Ai4Nature officially launched: from shared principles to collective action

On Wednesday 14 January, we officially launched the Ai4Nature Alliance at IET London: Savoy Place, bringing together leaders from ecology, policy, academia, and technology to explore a defining challenge of our time: how AI can support nature recovery - responsibly, transparently, and at scale.

The evening marked the culmination of more than 18 months of conversations between founding organisations and practitioners. More importantly, it marked the start of a shared commitment to move beyond ideas and towards practical frameworks for using AI in the service of nature.

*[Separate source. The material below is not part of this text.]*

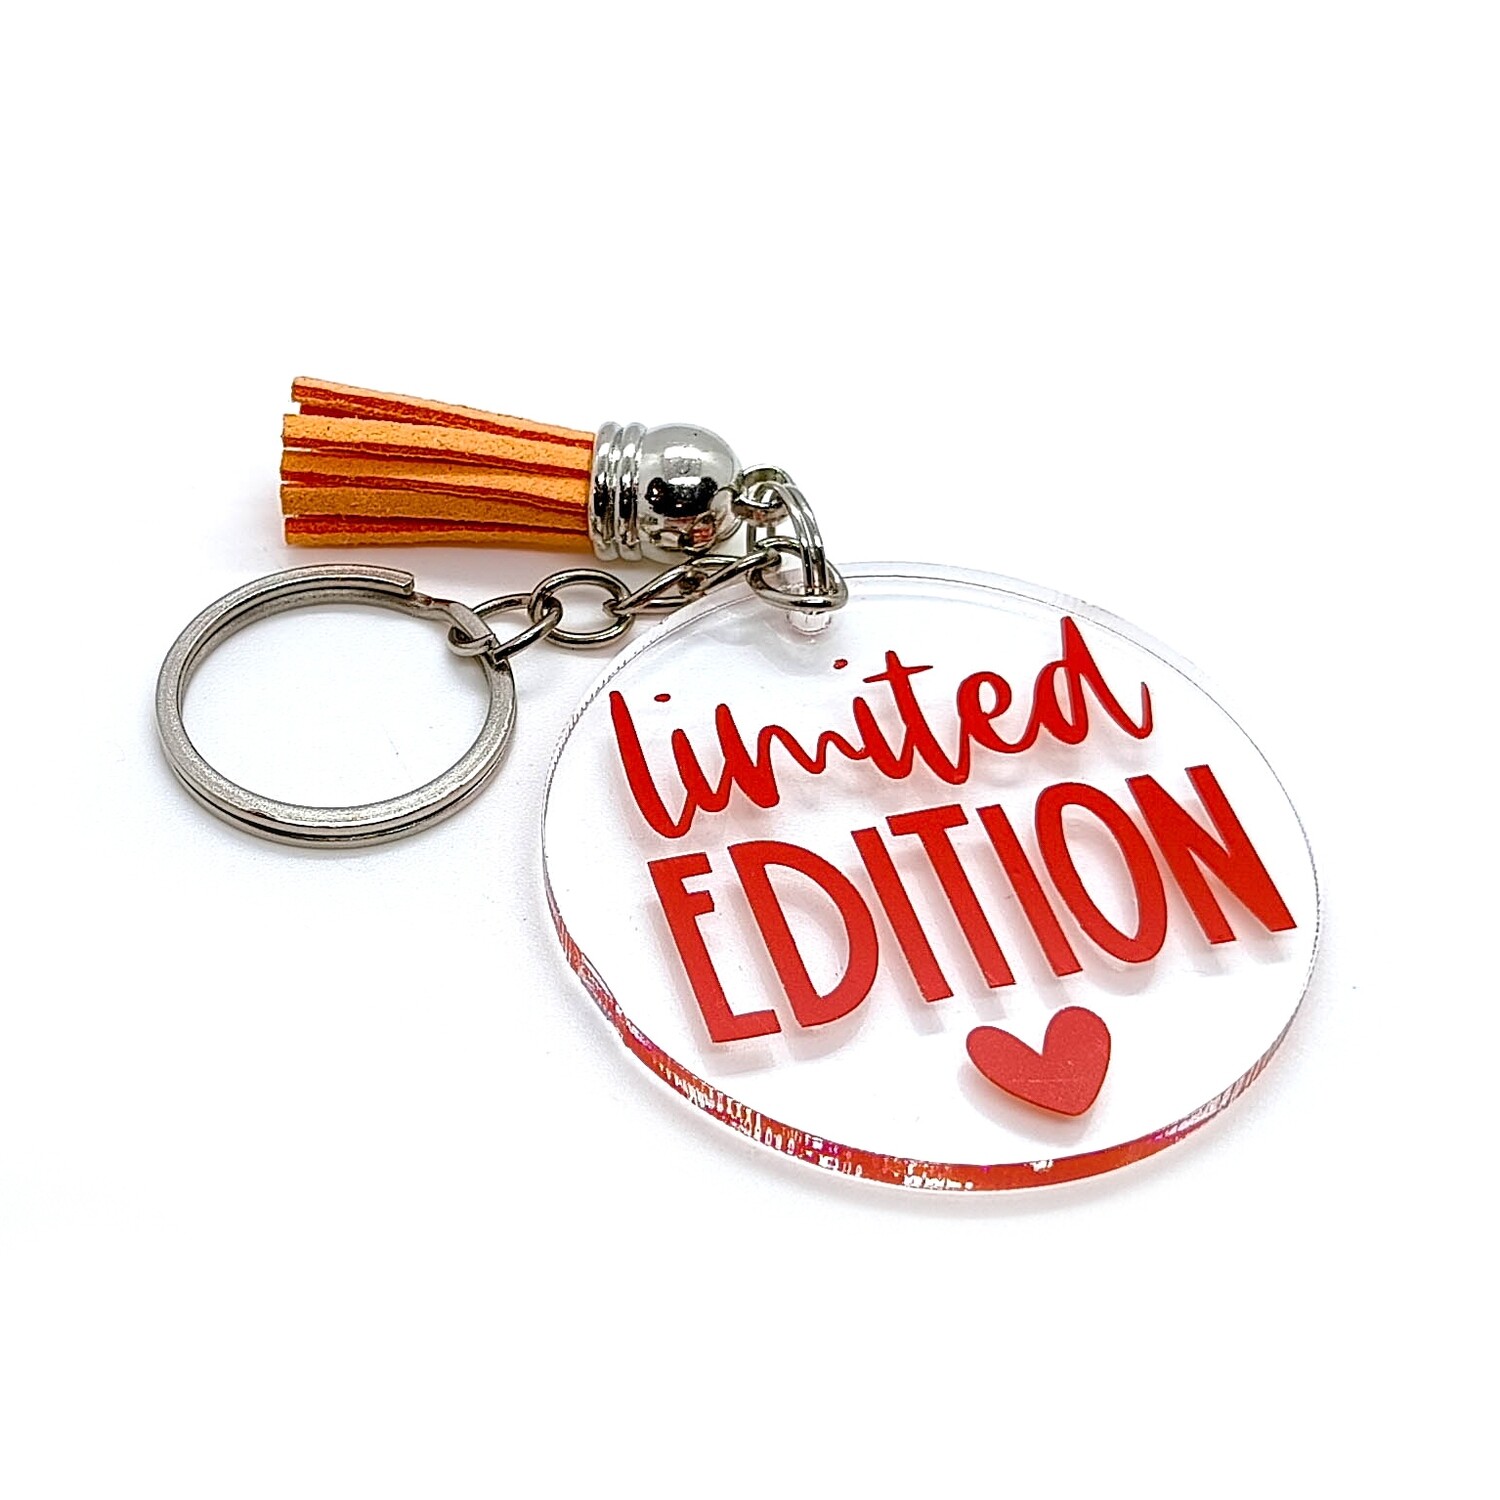 'Limited Edition' key chain

Setting the scene: why Ai4Nature exists

The launch was opened by Lucy Collins, who introduced Ai4Nature as a response to two accelerating realities: the scale of the nature crisis and the rapid adoption of AI across environmental decision-making.

“This alliance isn't just about technology - it's about responsibility. It's about ensuring that AI serves nature, guided by standards, evidence, and open collaboration. From monitoring ecosystems to supporting conservation decisions, the opportunities ahead are extraordinary.”

The question facing the sector is no longer whether AI will be used - but how. Ai4Nature exists to help ensure AI strengthens ecological expertise, professional judgement, and long-term stewardship, rather than undermining them.

Watch the opening speech below:

A deeper look at the panel discussion: responsibility, realism, and practice

Moderated by Tess Colley of the ENDS Report, the panel brought together perspectives spanning professional standards, consultancy, and applied technology:

  • Mark Nason, CIEEM

  • Tom Butterworth, Arup

  • Shashin Mishra, AiDASH

Rather than focusing on hypothetical future applications, the discussion centred firmly on how AI is already entering ecological and environmental practice - and where caution, clarity, and leadership are needed.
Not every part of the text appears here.